When #MeToo hit last year like a hurricane, it revealed not only countless accounts of sexual harassment and assault but also vulnerabilities in the systems and processes meant to protect individuals and employees. Just like after any hurricane, now is the time to rebuild. To guard against harassment, we all need a stronger foundation for our organizations.
In the social sector, we benefit from what is called the “halo effect” because we stand for social good. Because of this, we sometimes don’t bear the full brunt of issues that plague the for-profit world. Even so, I have been surprised how little the #MeToo movement seems to have impacted us. Does this mean that sexual harassment doesn’t exist in the social sector? I asked around and heard many stories that show it is just as rampant in the social sector as it is in the corporate world. Directors taking advantage of struggling actors. Donors and board members demeaning staff with phrases like “sweetie pie.” No, the social sector is not immune to #MeToo. To the contrary, the silence we’ve heard means we have not yet addressed it fully as a community. So, I asked my go-to expert on all things HR, Gabriela Norton of People Performance Resources, to share what we all need to learn from the #MeToo movement and ensure that our organizations lead by example and support employees.
Unless you have been living under a rock, it is doubtful you have missed the #MeToo phenomenon over the past year. And, few have been as affected by the social media firestorm as today’s employers and business leaders. The #MeToo movement has bolstered the confidence of women and employees, empowering them to speak out against sexual assault and harassment. Most recently, thousands of Google employees walked out of their offices in protest of the company’s treatment of sexual harassment allegations. So, what can employers do to protect themselves while also fostering an environment of support for their employees?
- It starts at the top. Leadership and accountability are critical for the success of any anti-harassment program. Today’s leadership must acknowledge the reality of #MeToo and make effective harassment prevention efforts a top priority. A workplace culture in which harassment is not tolerated, must start at the highest levels of the organization.

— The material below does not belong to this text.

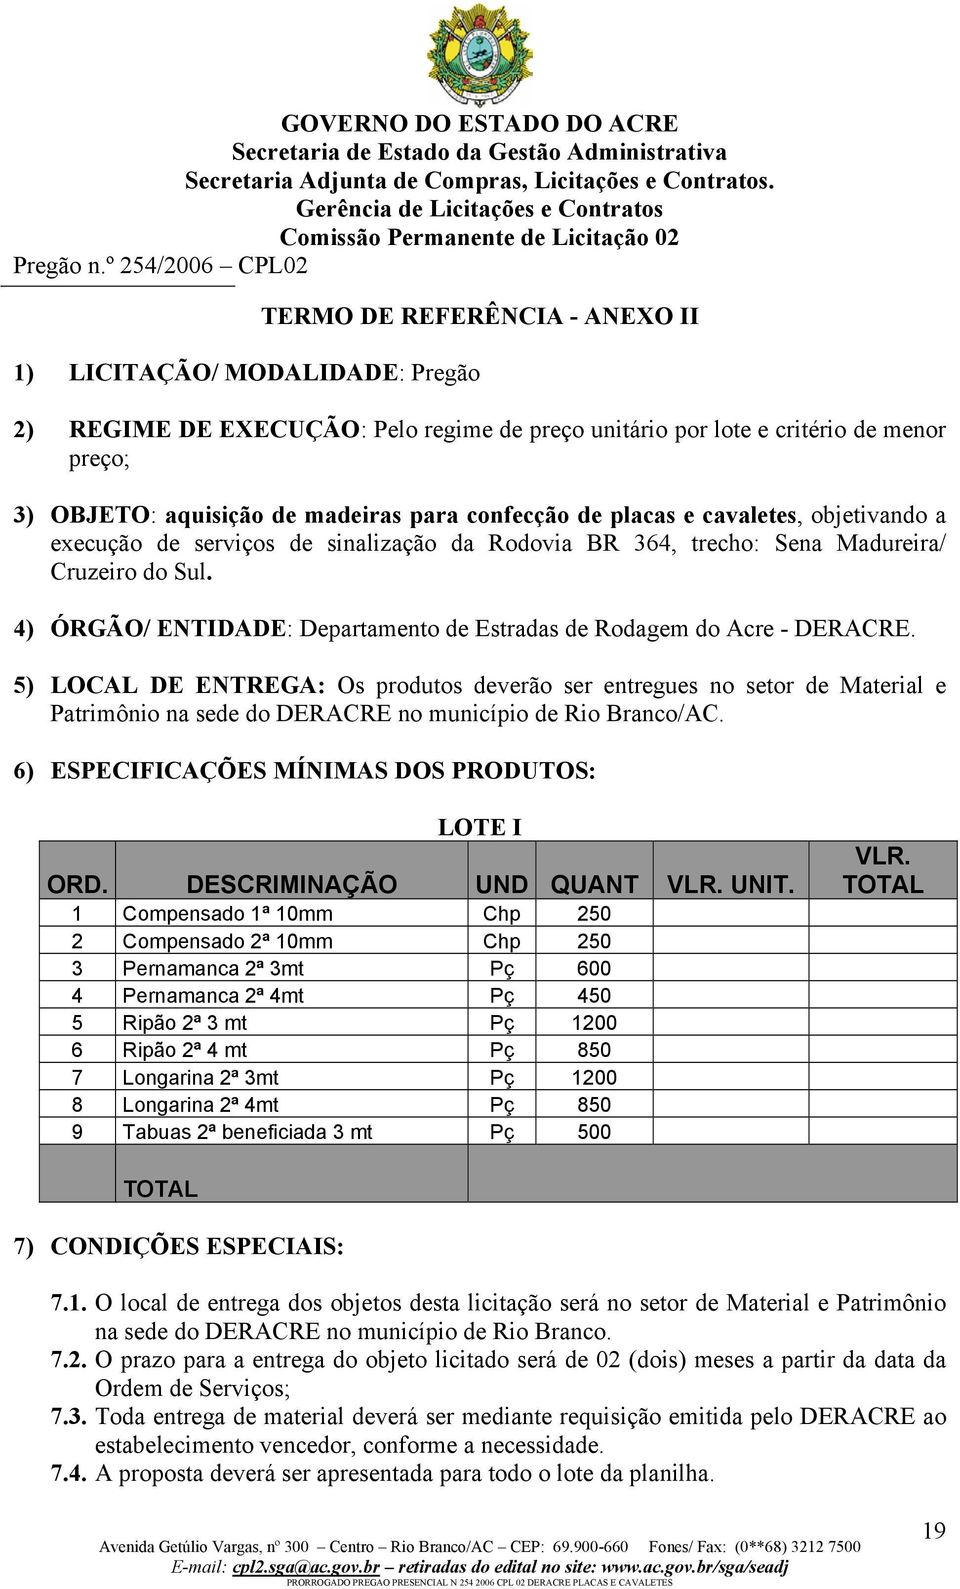 4) ÓRGÃO/ ENTIDADE: Departamento de Estradas de Rodagem do Acre - DERACRE.

- Assess risk. 62% of organizations are assessing company culture and identifying risks for harassment as a result of the #MeToo movement. To assess risk, invite an outside Human Resources consultant to survey employees. Employees are much more likely to communicate concerns to someone outside their organization than their boss. If you have a Governance or Personnel/HR board committee, share the results and possible next steps with them for an added layer of accountability.
- Train employees, managers and board members on a regular basis. Employers need to adopt and maintain a comprehensive anti-harassment policy to include training, multi-faceted reporting procedures, adequate resources for investigations and consistent, prompt discipline. This should not be done in a vacuum; employers need to invest in the expertise of HR, training and legal professionals to develop an effective program. This program should also include volunteers, as well as board members and donors.
- Provide anonymity. Fear of retaliation perpetuates the secretiveness of bad behavior. Give employees and volunteers an avenue to report harassment that allows them to maintain anonymity. This can be as simple as developing an online process for sharing anonymous reports.
- Address EVERY complaint. It can be easy to overlook or be slow to respond to a complaint from someone who is a poor performer or the constant squeaky wheel. However, these individuals are often the ones who feel most comfortable reporting. Do not discount a complaint based on the complainant, but take every allegation seriously and investigate with due diligence.
- Build a culture of respect. Finally, organizations should promote an organizational culture in which respect and civility are fostered from the executive level down; communicate and model a consistent commitment to that culture in every meeting and interaction.
There isn’t a foolproof way to eliminate harassment, but the policies and training social sector organizations put in place, along with their commitment to enforce those policies and their overall adoption of a “lead by example” mentality, will allow employees to feel confident and supported if they ever do need to report harassment.
This is an important issue for all organizations – no matter their size. To get you started, we like this sample harassment prevention policy from National Council of Nonprofits. Additionally, if you want a deeper dive on sexual harassment, the National Council of Nonprofits has a great piece that covers all the bases in detail. There are also Human Resource experts available to assist with the development of your program or in managing these sensitive investigations. When you make it a priority to address harassment of any kind, you are sending a strong message to your employees, volunteers and donors that you have the highest degree of integrity. If you have already assessed your organization’s risk and implemented harassment prevention training, we’d love to hear about your experience and any lessons learned.